Виттерштейн чувствовал пульс умирающего тоттмейстера так явственно, словно держал руку у того на шее. Упрямый, неровный, слабый, но все-таки пульс. Механические подрагивания чужого сердца. Совершенно, должно быть, нечеловеческого, но продолжающего сокращаться, толкая ядовитую кровь по венам.

«Ничего, - сказал Виттерштейн сам себе, бессмысленно глядя на тело, - Сейчас это прекратится. Еще минут пять, должно быть, вон, сколько крови натекло… Темная кровь, это хорошо. Значит, недолго. Но что же делать дальше? Положить умирающего к остывшим телам мертвецов, чтобы он среди них испустил дыхание? Господи, как это противно, мерзко. Но что же тогда? Может, самому?.. В сущности, ничего сложного. Просто мысленно пережать несколько артерий. Практика на уровне второго курса. Легкие прикосновения вот тут, в районе шеи, а для надежности можно и в мозгу, вот эту вот беспокойную жилку…»

В ушах зашумело. Виттерштейн деревянными руками оттолкнулся от операционного стола. Мысленное прикосновение пропало лишь спустя несколько секунд, оттого, даже отойдя от тоттмейстера, он чувствовал некоторое время под пальцами его мягкие пульсирующие артерии. Он едва не сделал это. В последнюю секунду какой-то безотчетный импульс помешал.

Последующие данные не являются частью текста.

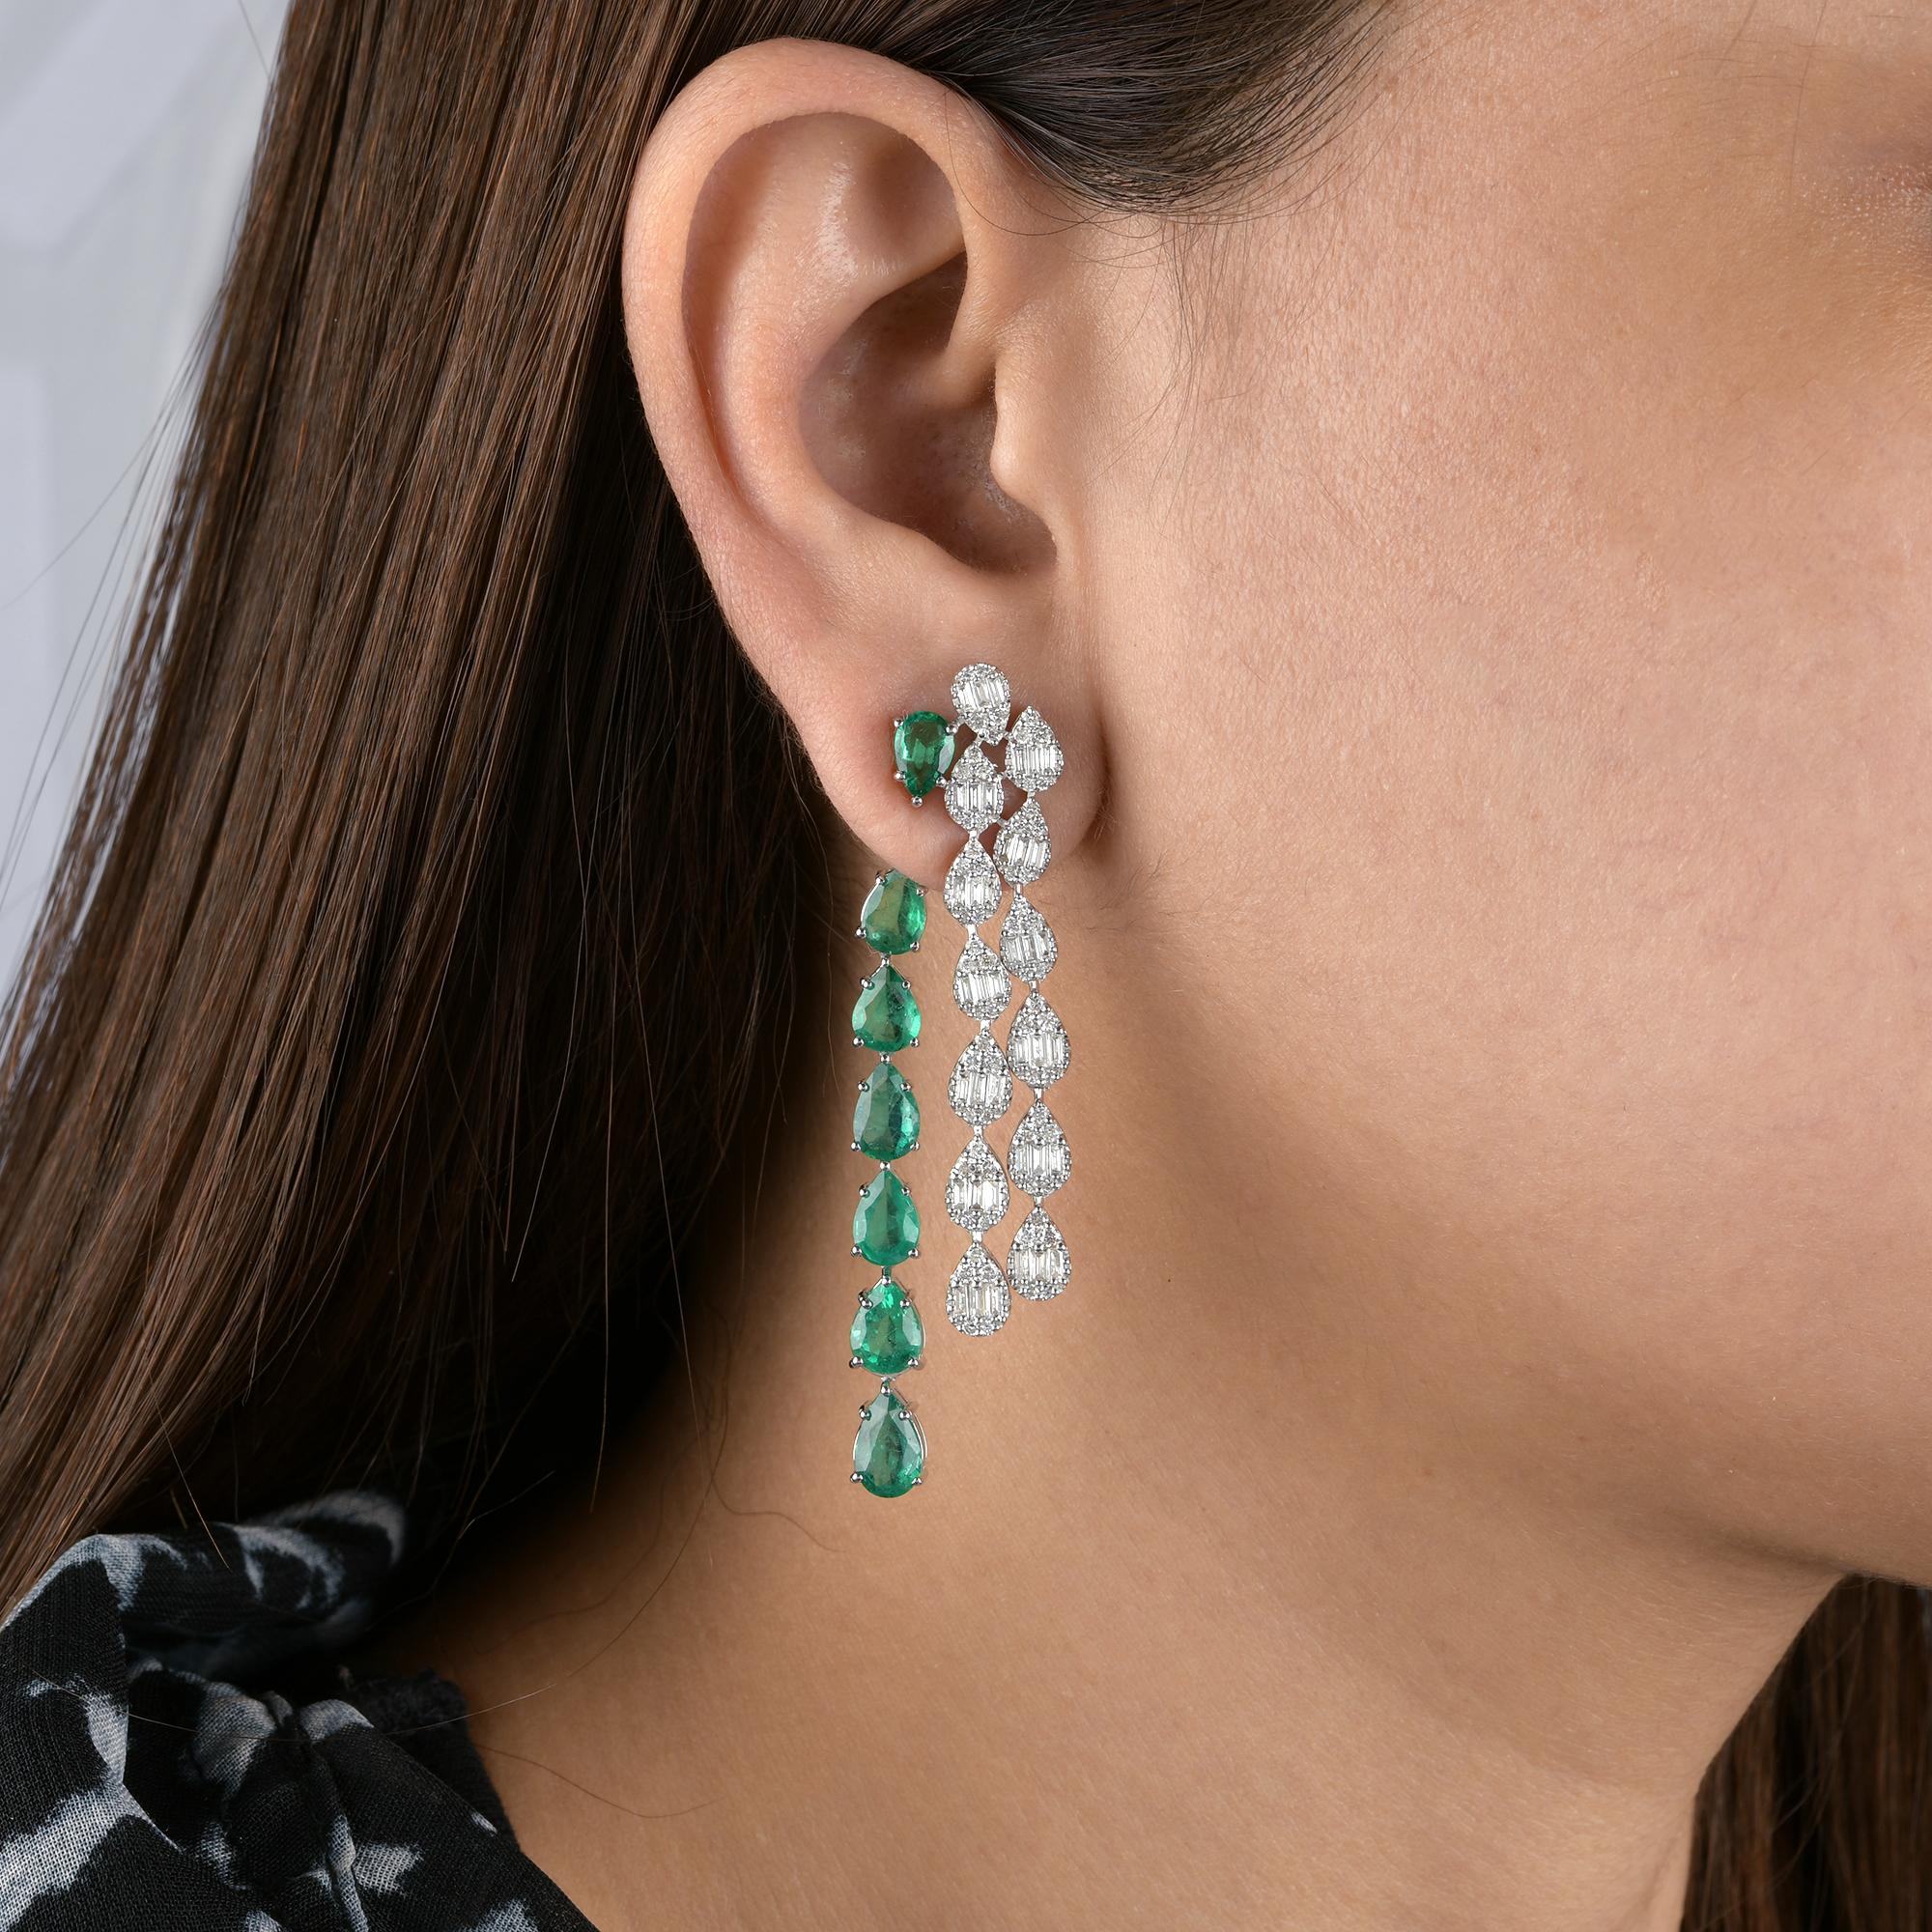 Pear Cut Pear Zambian Emerald Gemstone Jacket Earrings Diamond 18k White Gold Jewelry For Sale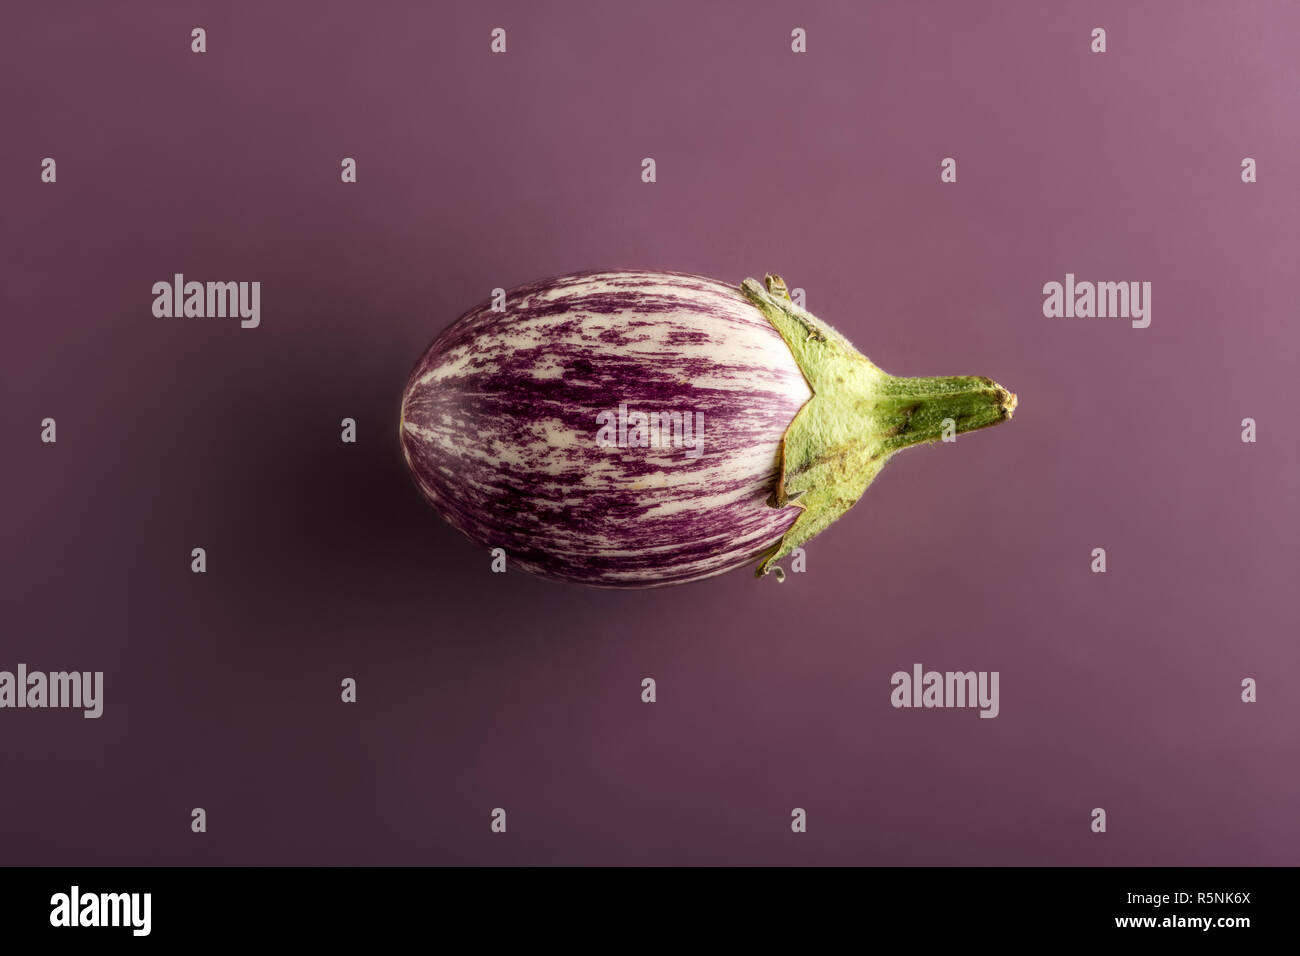 Eine kleine Aubergine oder eierfrucht in enger gesehen - von seiner Seite, in der Mitte auf Violett Hintergrund isoliert Stockfoto

«А что разницы? – подумал он тоскливо, - Так ты убийца, а так – палач. Не все ли равно, в сущности, для того, кто поклялся спасать человеческие жизни?».

Сейчас не должно быть места слабости. Он, Ульрих Виттерштейн, господин лебенсмейстер, не имеет права на слабость. Он должен быть холодным и твердым, как ланцет, вскрывающий гнойный нарыв, как…

Блиндаж тряхнуло, с потолка посыпалась земля, свет несколько раз мигнул. Грохот пришел позже и навалился с такой силой, что Виттерштейн рефлекторно сжался и даже присел – возникло ощущение, что сейчас на голову посыплются бревна перекрытий, сломанные, как гнилые спички…

Сестра милосердия испуганно вскрикнула, а Гринберг пробормотал:

- Близко ударило. Что же эти чертовы англичане, сквозь землю видят?..

- Могут и сквозь землю, - сказал, отплевываясь от соленой земляной пыли, Виттерштейн.

Стоило ли напоминать уставшему доктору о том, что в распоряжении англичан могут быть штейнмейстеры? Или как их там именуют на британский манер?.. Эти способны не только бомбардировать вражеские траншеи булыжниками, но и ощупывать мысленно огромные подземные пространства, находя в них каверны блиндажей и укрытий. А уж после этого артиллерия скажет свое слово…

Еще одно накрытие, чуть в стороне, но дерево все равно грозно и тревожно заскрежетало. Как переборки парусника, принявшего бортом удар сильнейшей волны. Кажется, можно услышать хруст выдираемых заклепок…

Виттерштейн попытался выдержать грохот разрыва хладнокровно, как Гринберг, но все равно, должно быть, выглядел в этот момент перепуганным насмерть новобранцем.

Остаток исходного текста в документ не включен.